Rust en onrust. Vrede en onvrede. Leven en dood.

Eerst de onrust. De onvrede. Moord. De wens om Jezus te doden ontstaat op een sabbat. Bij de genezing van een man met een verschrompelde hand, op sabbat, in de synagoge spreekt Jezus de Farizeeën scherp toe. ‘Mag men goed doen of kwaad doen op sabbat?’ Een kwestie van leven en dood. Leven of dood. ‘Kies dan het leven.’ De Farizeeën smeden een complot.

Is dit historisch? Is het echt zo gegaan? Dat is twijfelachtig. Jezus’ uitspraken over de sabbat – ‘de sabbat is er voor de mens, de mens niet voor de sabbat’ en de toestemming, nee, het gebod van goed doen, leven redden op sabbat – zijn in overeenstemming met wat rabbijnen zeggen over de sabbat in Misjna en Talmud. Wat wil Markus zijn lezers eigenlijk vertellen? Wil hij Jezus zo graag afzetten tegen de Farizeeën – misschien omdat Jezus er zelf één was? Bovendien: hoe weet Markus dat zo goed, van dat complot met de Herodianen? Is Markus eigenlijk niet schuldig: aan karaktermoord? Is het werkelijk voorstelbaar dat Jezus’ optreden, zoals Markus dat zeer kort schetst, onmiddellijk aanleiding is tot de ergste misdaad? Het komt als een donderslag bij heldere hemel. Opeens zitten we midden in een verhaal van bedenkelijk allooi – een soapserie, een slechte misdaadroman: ‘er zit maar een ding op. We moeten hem vermoorden.’

Al te gemakkelijk verklaren we de haat jegens Jezus vanuit de machtspositie van de joodse ‘religieuze leiders’ en hun angst die macht te verliezen. De perfecte karaktermoord is blijkbaar gepleegd: de Farizeeën als klassieke bad guys.

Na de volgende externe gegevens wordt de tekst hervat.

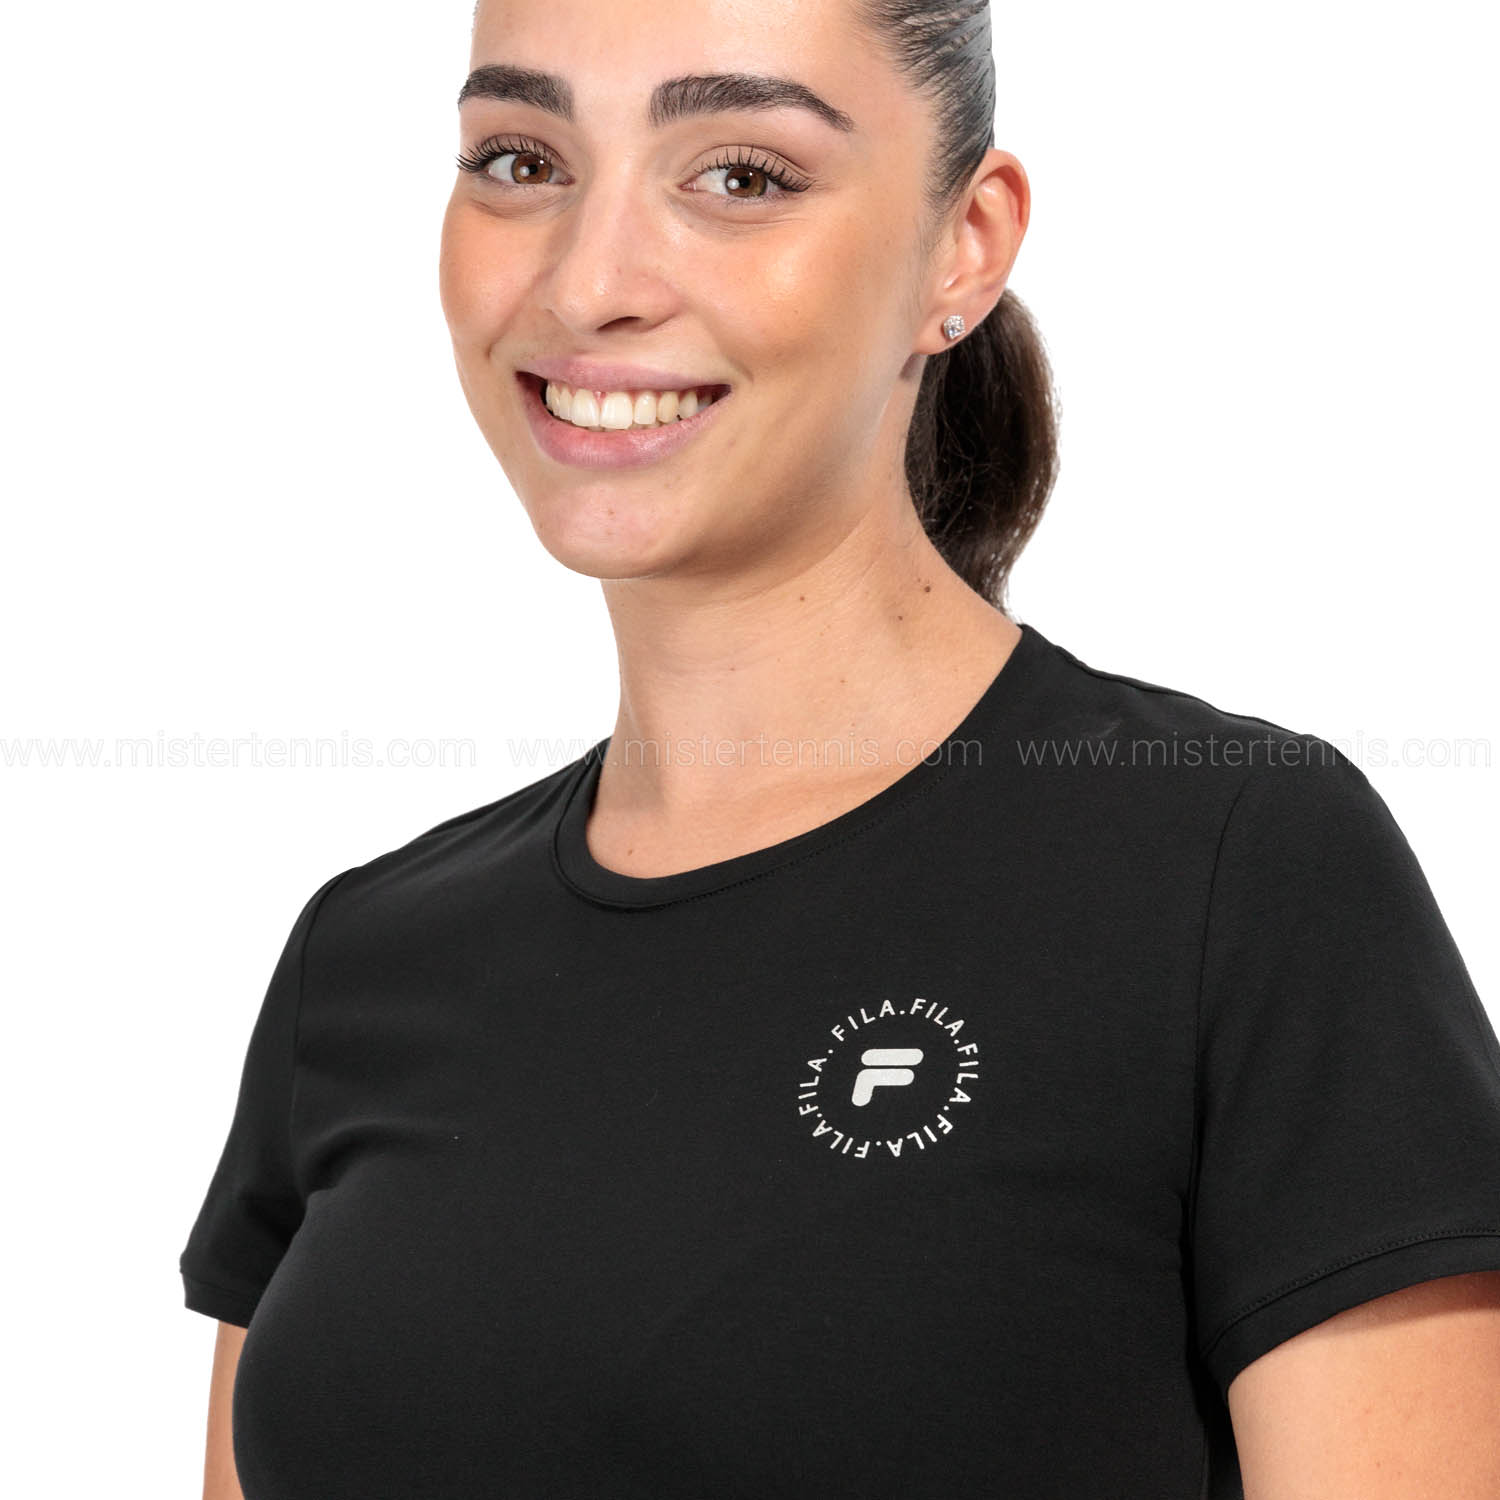 Fila Mara Camiseta - Black

Kunnen we ons voorstellen dat de Farizeeën oprecht letterlijk heilig verontwaardigd waren, tot moorddadige woede aan toe? Hoe onvoorstelbaar ook – en tegen de draad van Markus’ vertelling in – misschien moeten we het eens wagen met deze vooronderstelling. Kunnen wij ons voorstellen wat de sabbat betekent? Dat er een doodstraf staat op overtreding? Wat zou ons dat kunnen leren? Ik hoop zo ook nader te komen tot het evangelie van Jezus Christus dat Markus wil vertellen.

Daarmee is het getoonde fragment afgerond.